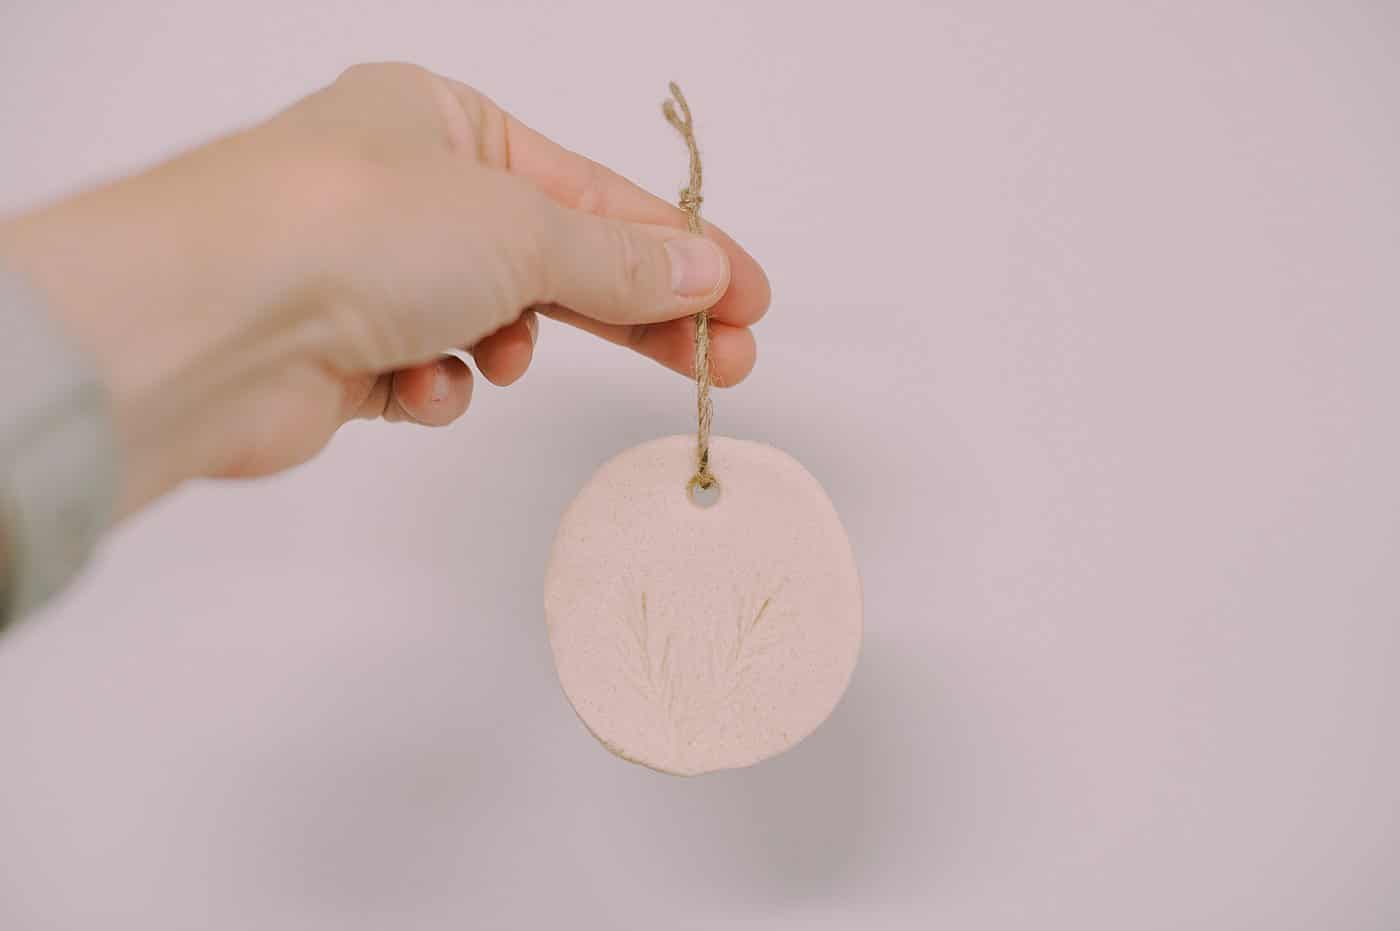 DIY salt dough ornaments with pine needles pressed into them for a pine design embellishment.
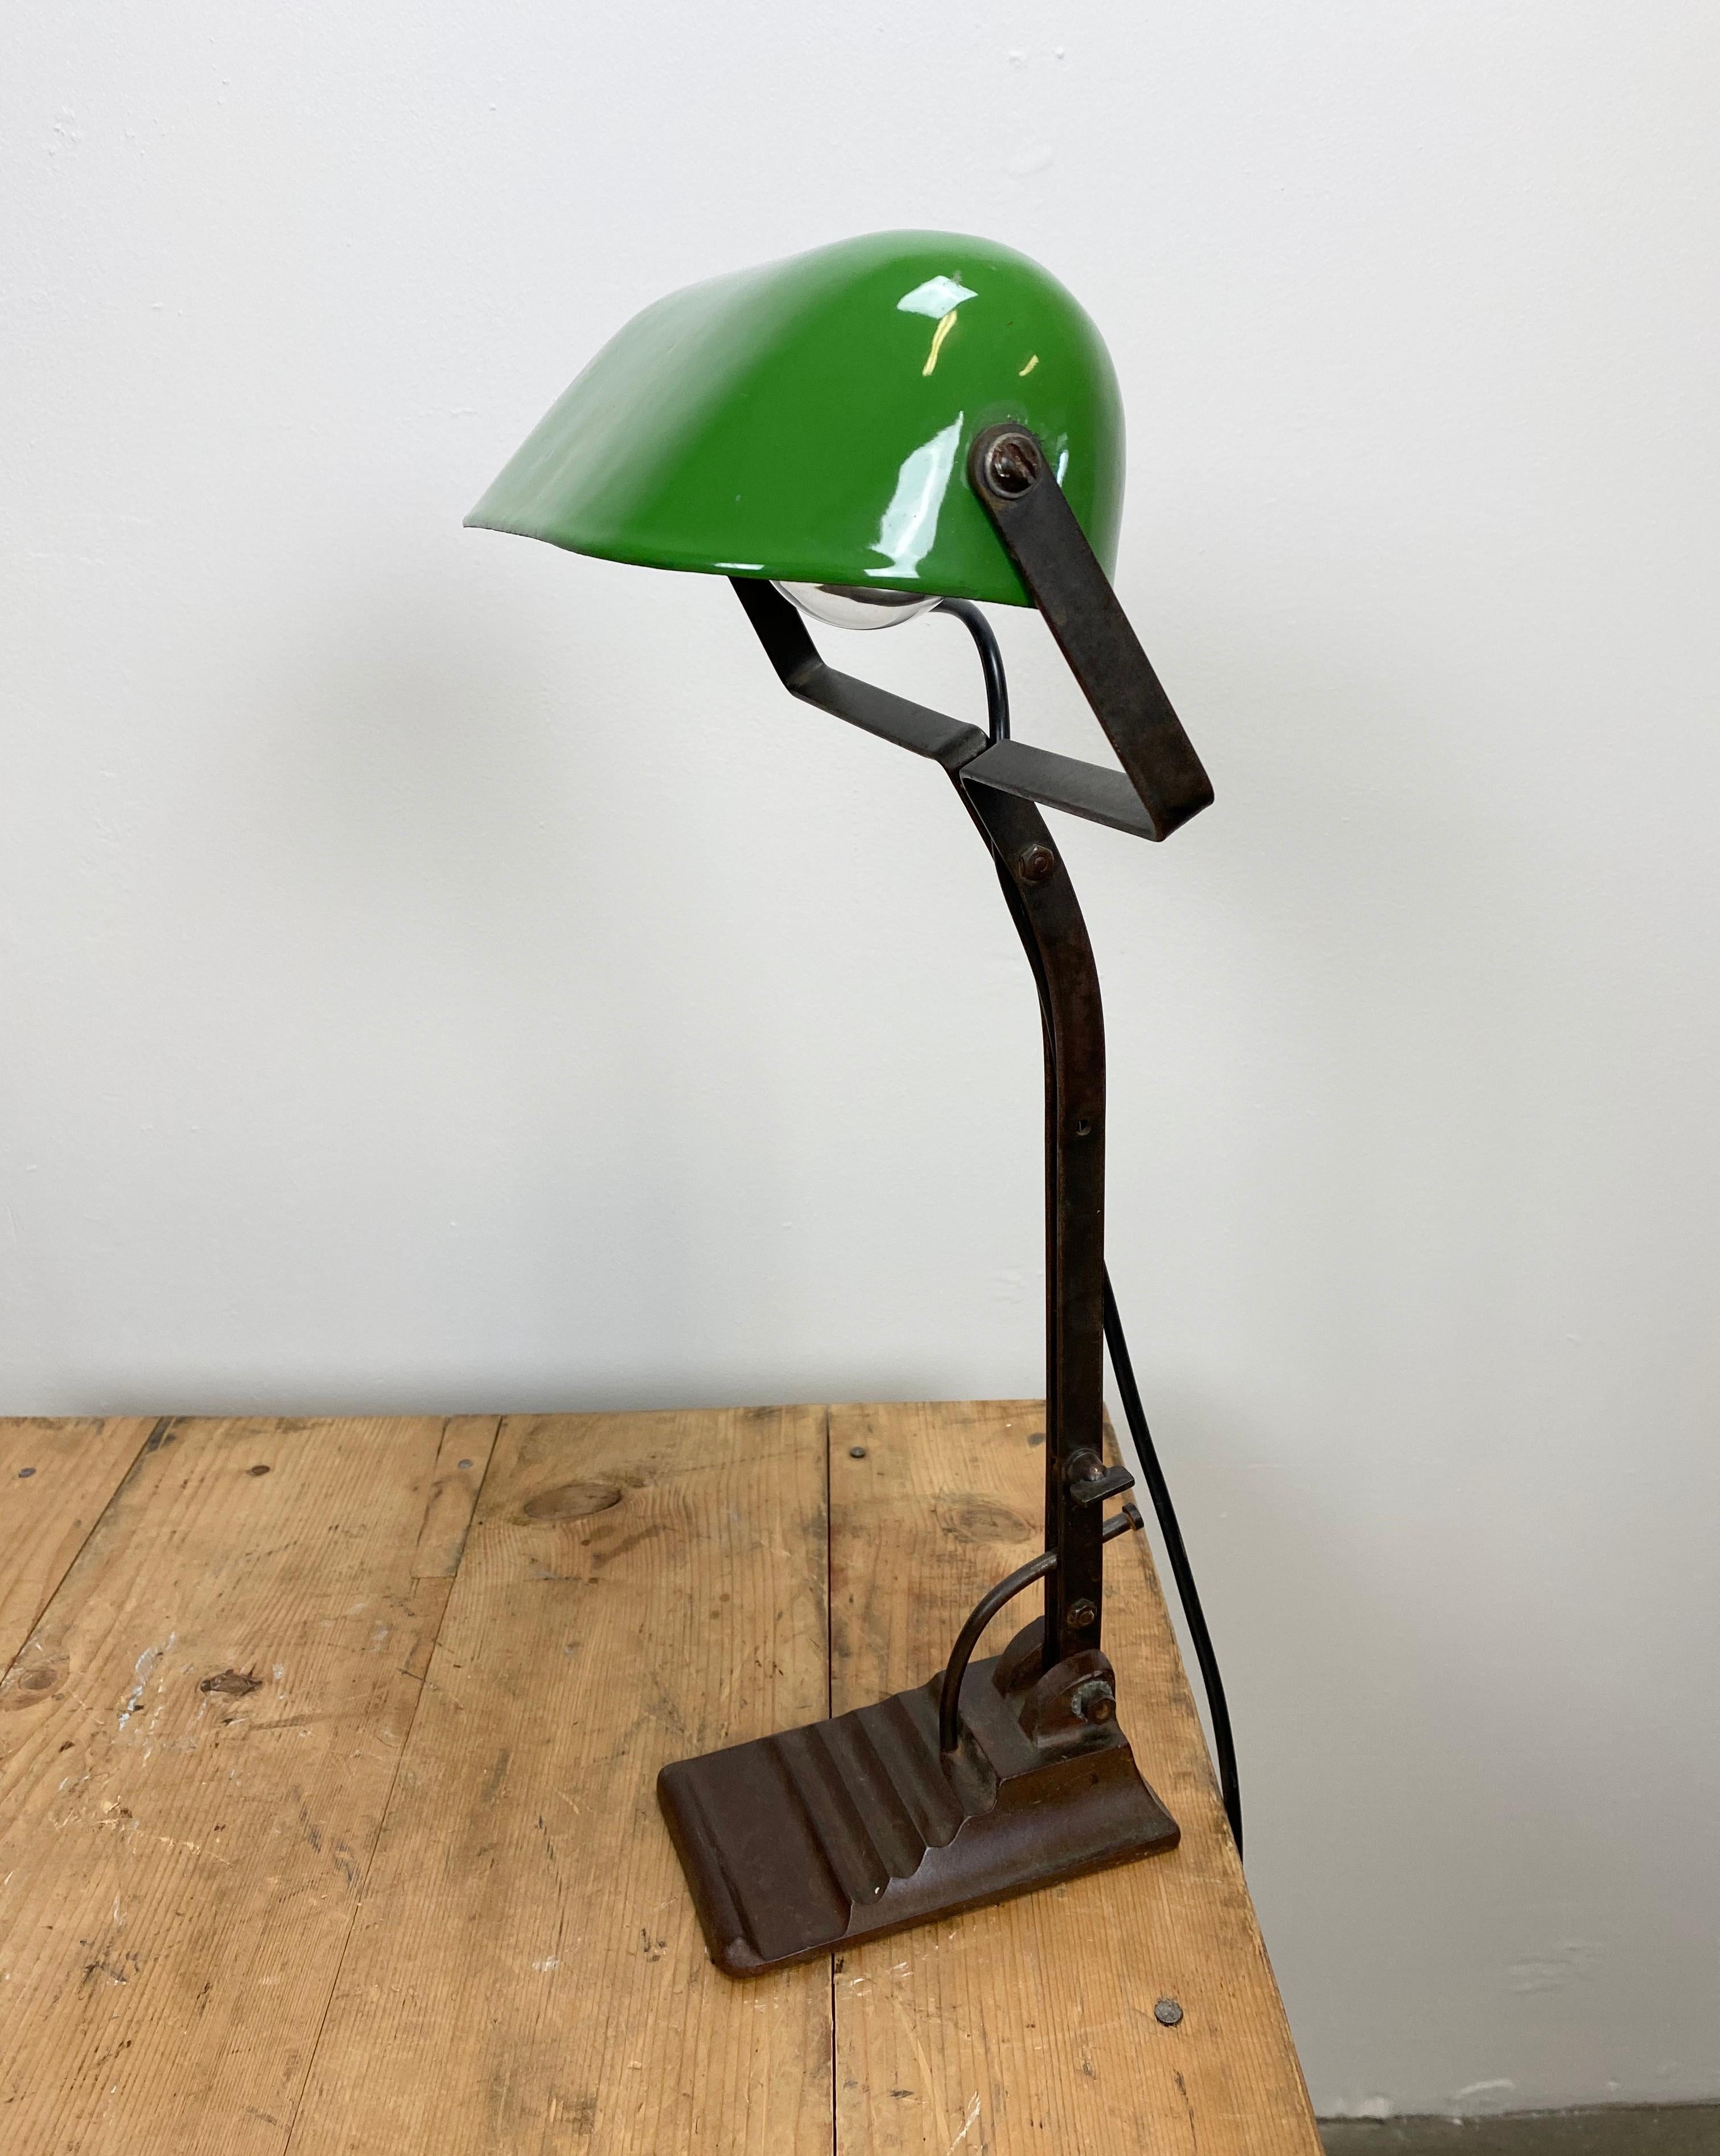 Vintage green table lamp from 1930s in Bauhaus style. Cast iron base. Green enameled iron shade. White enameled interior. The arm and shade are adjustable. Porcelain socket for E 27 light bulbs. Fully functional. Dimensions of the lampshade: 22cm x
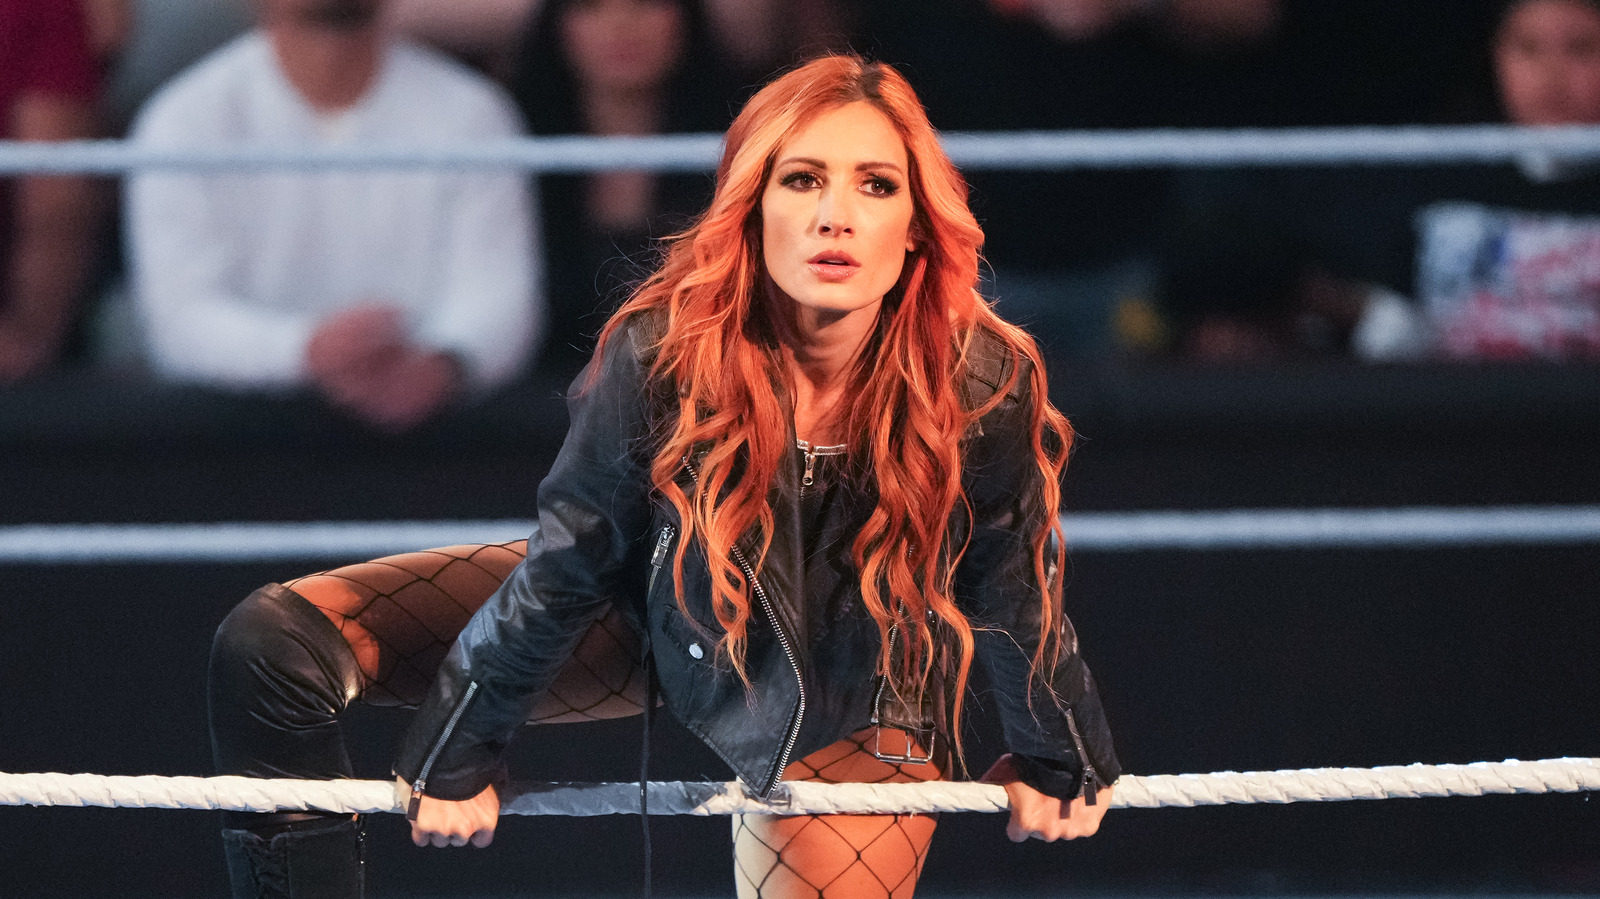 Booker T Reacts To Becky Lynch Winning Battle Royal For Women's Title On WWE Raw

====================

At the line containing "Vintage green table", start reproducing exactly, and stop after the last line of the listing; include both ends, and leave the pictures out.

## Answer box
 Vintage green table lamp from 1930s in Bauhaus style. Cast iron base. Green enameled iron shade. White enameled interior. The arm and shade are adjustable. Porcelain socket for E 27 light bulbs. Fully functional. Dimensions of the lampshade: 22cm x
 Booker T Reacts To Becky Lynch Winning Battle Royal For Women's Title On WWE Raw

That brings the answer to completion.